Linken-Parteichef in Erklärungsnot

Gerade auch die Rolle von Riexinger, der seit 2012 gemeinsam mit Katja Kipping den Parteivorsitz innehat, bringt die Partei nun in Erklärungsnot. Der Parteichef selbst rechtfertigte dies auf Twitter. Es handle sich um eine „völlig aus dem Kontext“ gerissene Aussage seiner Parteikollegin. Allerdings bedaure er, dass er diese „nicht sofort unmissverständlich zurückgewiesen“ habe. CSU-Generalsekretär Markus Blume forderte dennoch seinen umgehenden Rücktritt.

Ausgerechnet vor Thüringen-Wahlwiederholung

Für einen kommt der Mitschnitt jedenfalls vollkommen zur Unzeit: Den Thüringer Linken-Chef Bodo Ramelow. Dieser war am 5. Februar zugunsten des FDP-Kandidaten Kemmerich als Ministerpräsident abgewählt worden. Weil auch AfD-Stimmen für diesen Ausgang verantwortlich waren, ereignete sich daraufhin ein regelrechtes Politbeben in Deutschland.
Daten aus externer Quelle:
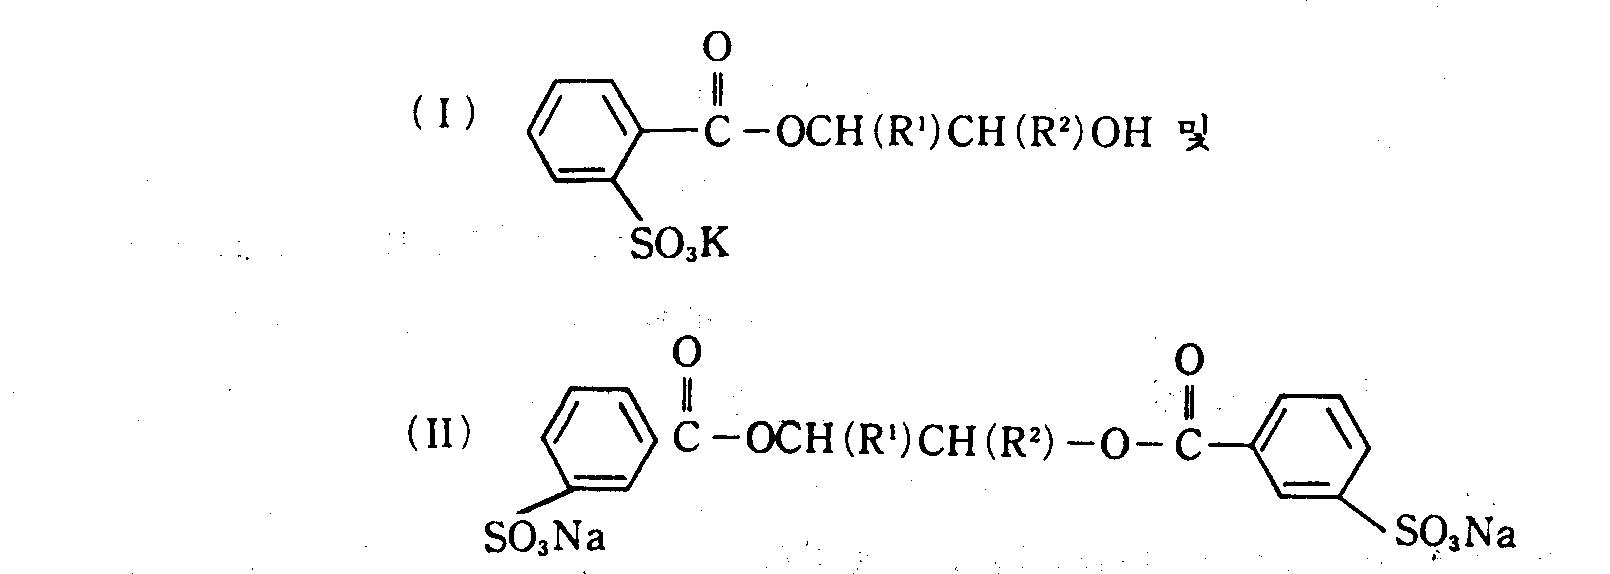 Figure kpo00009

Der Liberale trat nach massivem öffentlichen Druck zurück.

Angesichts der notwendigen Wiederholung der Wahl, welche am heutigen Mittwoch stattfinden soll, versuchten diverse Journalisten von Mainstream-Medien Ramelow als bürgerlichen Ausläufer seiner Partei zu verkaufen. Dieser muss sich nun also nicht nur mit dem Vorwurf herum schlagen, nach Informationen der Bild selbst einst nur aufgrund eines AfD-Abweichlers ins Amt gekommen zu sein.

Ramelow distanziert sich von Aussagen

Sondern er hat auch das Problem, dass eine Berliner Parteikollegin mit dem Erschießen von Vermögenden kokettierte. Vielleicht auch deshalb distanzierte sich Ramelow besonders intensiv von deren Aussagen.

Auch Ramelow mit umstrittenen Sagern

Auch Ramelow sorgt in jder Vergangenheit mit umstrittenen Äußerungen für Schlagzeilen, wie etwa der rechtsliberale Journalist Boris Reitschuster auf seinem Blog zusammenfasst. Neben einem Tweet aus dem Jahr 2012, als er sich „mit Genossen Stalin in Uljanowsk“ wähnte, war dies auch seine einstige Weigerung, die DDR als „Unrechtsstaat“ zu bezeichnen. Des weiteren soll er einst Fürsprache für die verbotene KPD geleistet haben.